Data Is Plural

... is a weekly newsletter of useful/curious datasets.

2016.09.28 edition

🇺🇸  Election edition.🇺🇸

State-level results. Perhaps better known for its campaign-finance data, the Federal Election Commission also publishes official state-level results for presidential, House, and Senate elections going back to 1982. The results include all official candidates, and sometimes even write-ins (depending on the state). In the 2008 presidential election, eight Rhode Island voters wrote-in “Stephen Colbert,” five scribbled “Joe the Plumber,” and seven chose “Jesus.”

County-level and precinct-level results. OpenElections, a Knight Foundation–funded project, aims “to create the first free, comprehensive, standardized, linked set of election data for the United States.” They’ve made progress, but are looking for additional volunteers. In the meantime, you can download county-level presidential results from the National Atlas of the United States for 2004, 2008, and 2012 — or all combined. And you can download precinct-level results from 2002 to 2012 from the Harvard Election Data Archive (codebook here).

Ways and means. The U.S. Election Assistance Commission’s Election Administration and Voting Survey “includes data on the ability of civilian, military and overseas citizens to register to vote and successfully cast a ballot,” as well as an overview of each state’s voting laws and procedures. [h/t Derek Willis]
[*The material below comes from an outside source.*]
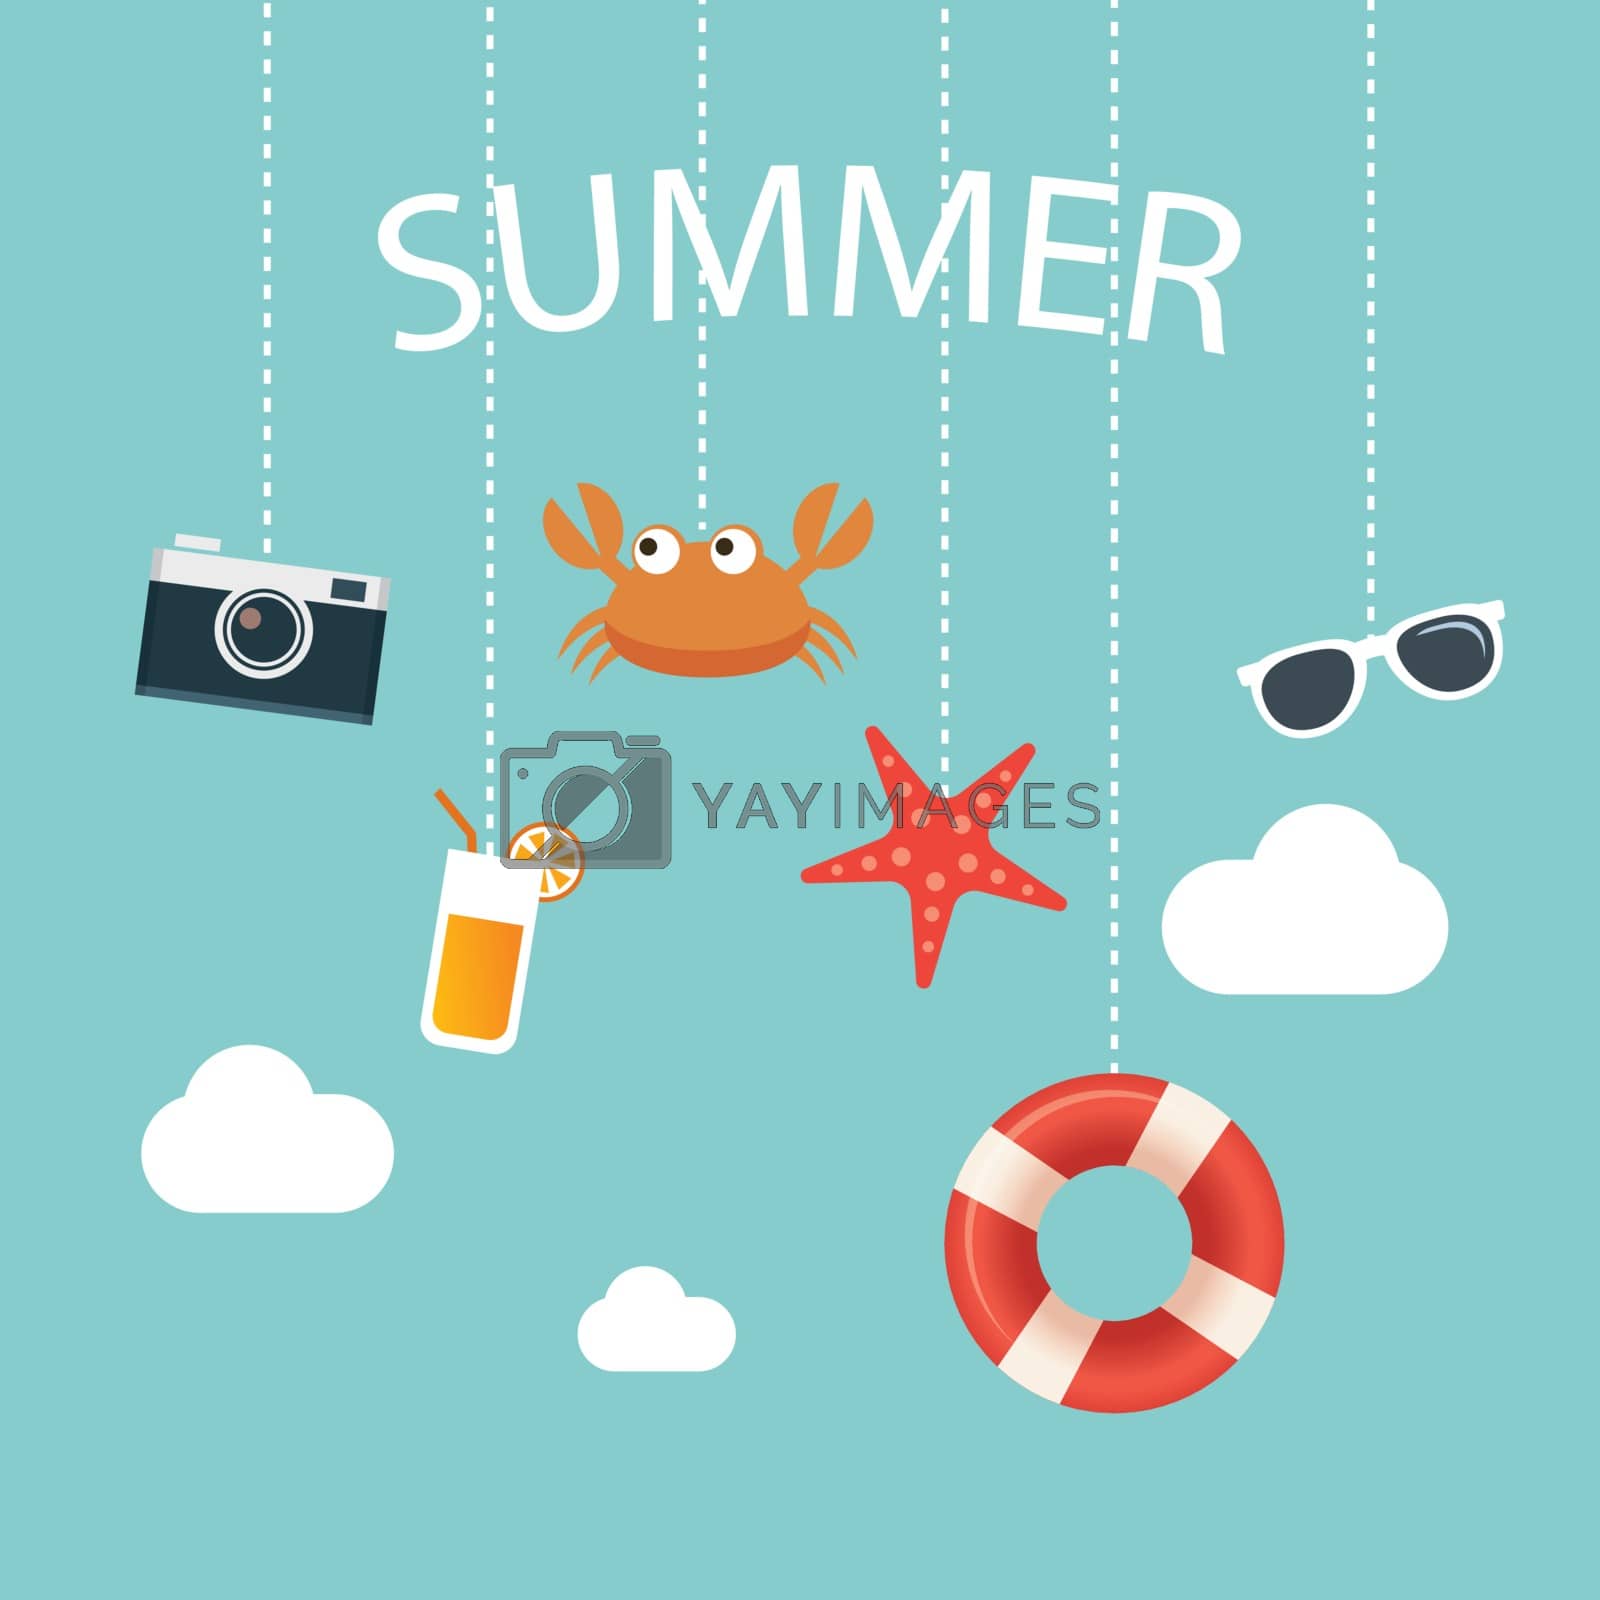 Royalty free image of summertime background with hanging summer icon by kaisorn

Global elections. The Constituency-Level Elections Archive, based at the University of Michigan, collects and standardizes results from lower-house legislative elections around the world. (In the U.S., the lower house is the House of Representatives; in the U.K., it’s the House of Commons; in Albania, it’s the Kuvendi i Shqipërisë.) The latest release covers 1,591 elections from 136 countries. [h/t Jeremy Darrington]

Bush v. Gore v. hanging chads. After 2000’s contentious election, the National Opinion Research Center — funded by a consortium of news organizationsrigorously reviewed 175,010 Florida ballots that weren’t recognized as “valid” votes for president. In November 2001 the researchers concluded that, even with a full recount of disputed ballots, George W. Bush still would have won the state by 493 votes. The underlying data is available in several formats.